Last week, Congress passed a massive stimulus bill known as The Coronavirus Aid, Relief, and Economic Security (CARES) Act. In it is relief for struggling travel advisors but, as these bills usually are, the language is dense and hard to decipher—so ASTA has stepped in to outline the benefits.
One of the clearest parts of the bill was the $25 billion in loans and loan guarantees reserved for the airlines and “ticket agents,” but there are many ways in which travel advisors can get financial relief from the bill.
“Most members will access relief through the Small Business Administration program,” ASTA President and CEO Zane Kerby told advisors on the webinar.
One of the major benefits of the CARES Act is that it opens access to unemployment benefits to independent contractors and the self-employed.
Workers on 1099 are not usually eligible for unemployment because they don’t pay into state unemployment programs; however, the CARES Act recognizes that this global pandemic has created an unprecedented need for relief. Self-employed people’s incomes have been decimated by this crisis, and now they will be able to have access to these benefits.
“Through the end of the year, ICs who meet the stated criteria can receive benefits through their state unemployment program to essentially the same extent that they would have if they were W2 employees,” said Peter Lobasso, Senior Vice President and General Counsel at ASTA.
The IC only needs to certify that he or she has been adversely impacted by COVID-19 and, but for that, would have been able to be available to work as usual.
“I believe that this requirement will be very loosely interpreted,” said Lobasso.
The amount of the benefit will be determined by each state’s computation system, but it will definitely be based on the IC’s net income for the last tax year. In addition, the IC will be eligible to receive an additional $600 available even if the worker was previously earning less than that.
The benefit will run through the end of the year, and those needing access should contact their state unemployment agency.
Companies with more than 500 employees have access to $454 billion in loans and loan guarantees to support eligible U.S. businesses that have not received adequate relief from other available loan programs. This is in addition to the $25 billion that is earmarked for the airlines and travel agencies.
Applicants for these loans must establish that alternative financing is not reasonably available.
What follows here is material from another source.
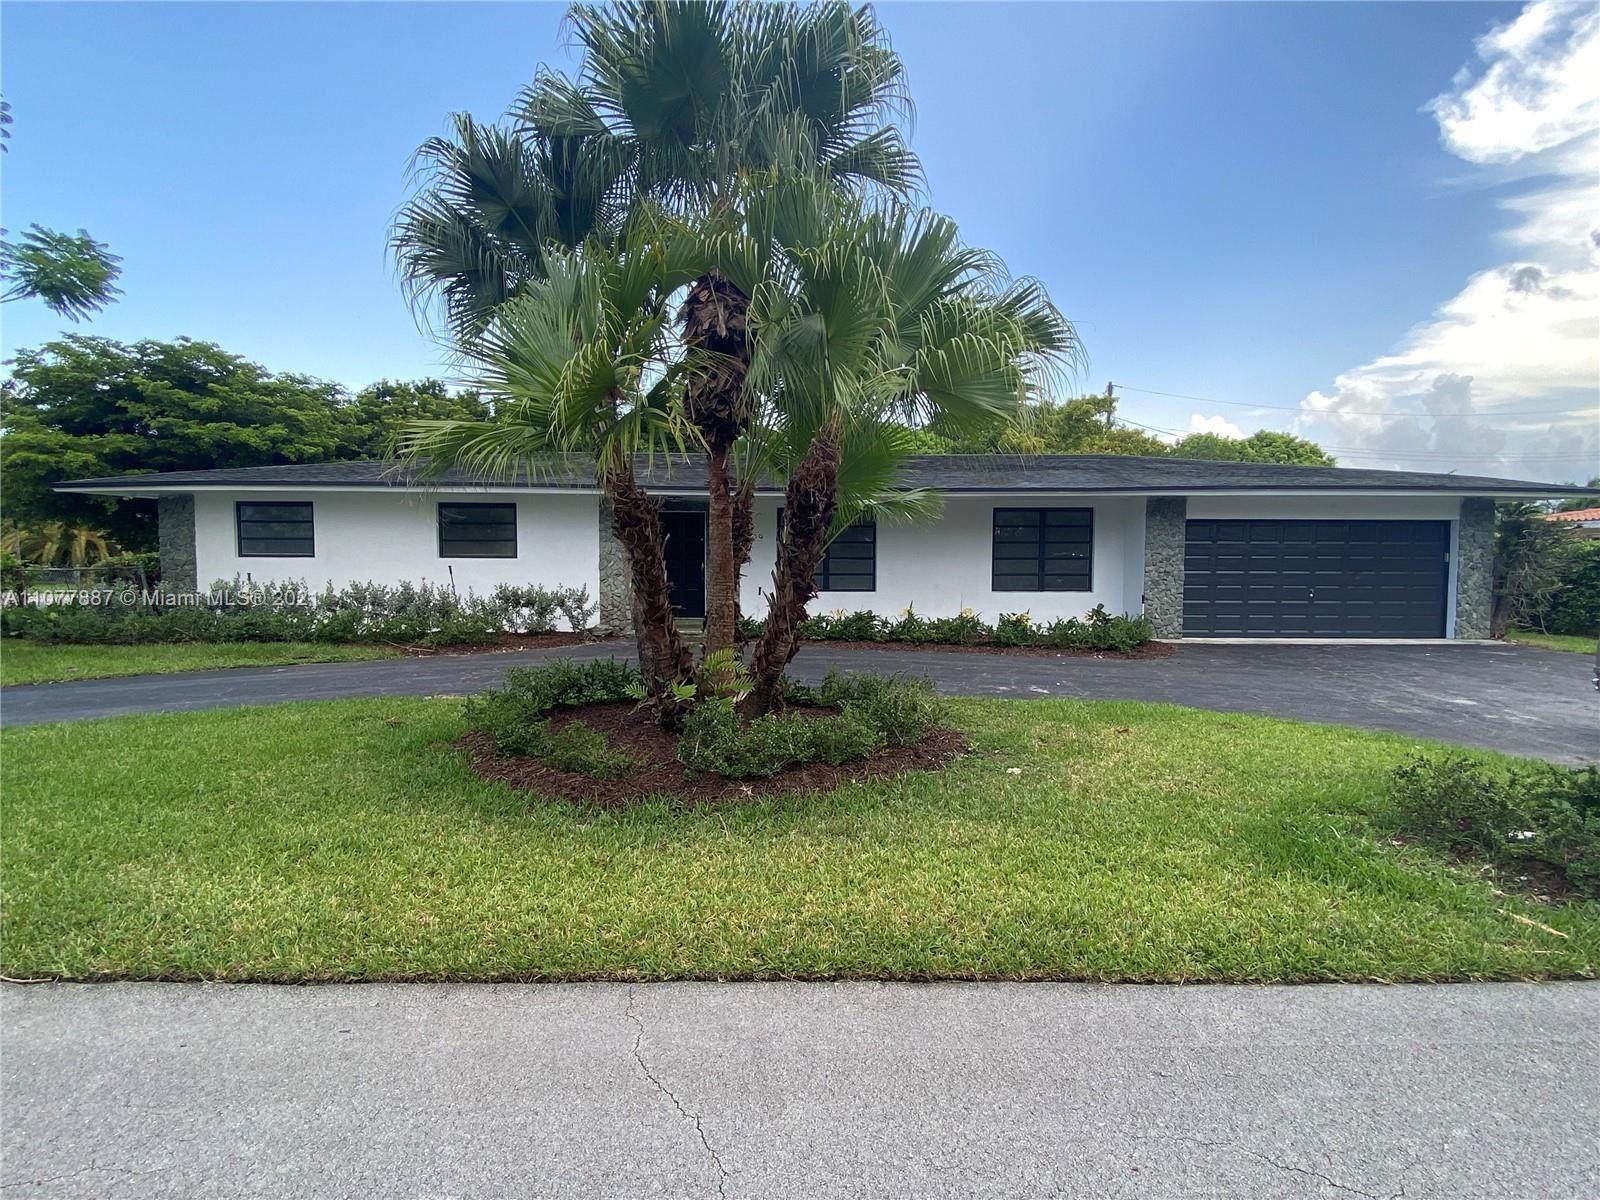 8900 SW 74th terr, Miami, FL 33173 - #: A11077887

The terms are up to five years; interest is at prevailing market rates prior to COVID-19, and there is no loan forgiveness. The Treasury Department will be publishing application procedures and minimum requirements within 10 days of bill enactment.
SBA Economic Injury Disaster Loans
There are special SBA loans for businesses with fewer than 500 employees. Businesses don’t need to have employees to qualify, so independent contractors and self-employed people qualify for these SBA loans.
Loans provide up to $2 million and are designed to provide working capital for regular business expenses such as rent, payroll, utilities, etc.
The interest rate on these loans is 3.75 percent, and the maximum term is 30 years. There is no collateral or personal guarantee needed, and there is a one-year deferment on the first payment.
As of March 13, all 50 states and Washington, D.C., have been declared disaster areas for SBA purposes.
The SBA says that the best way to apply is online, which will be the fastest way to get approval.
Small Business Interruption Loans
This is a new program that loans up to $10 million to U.S. businesses that fall under the SBA size standards ($22 million in annual revenue or with 500 or fewer employees). Independent contractors and the self-employed are also eligible for these loans. These guidelines are less restrictive than they were previously, and these loans no longer require collateral or guaranty.
The portion of these loans that covers payroll, mortgage, rent or utility expenses from February 15 to June 30 may be eligible for loan forgiveness in whole or in part.
There is a less rigorous application process for these loans, and they have fixed low-interest rates and terms of up to 10 years.
Airline Economic Stabilization Loans
There is $25 billion set aside for Airline Economic Stabilization Loans. These are available through the Treasury Department for “ticket agents” and other related aviation industries. The Treasury Secretary and the Secretary of Transportation allocate these funds, and ASTA will work with these departments to implement the provision.
ASTA said that this portion of the relief package is probably going to take the most time to sort through because it is done in consultation with so many outside partners.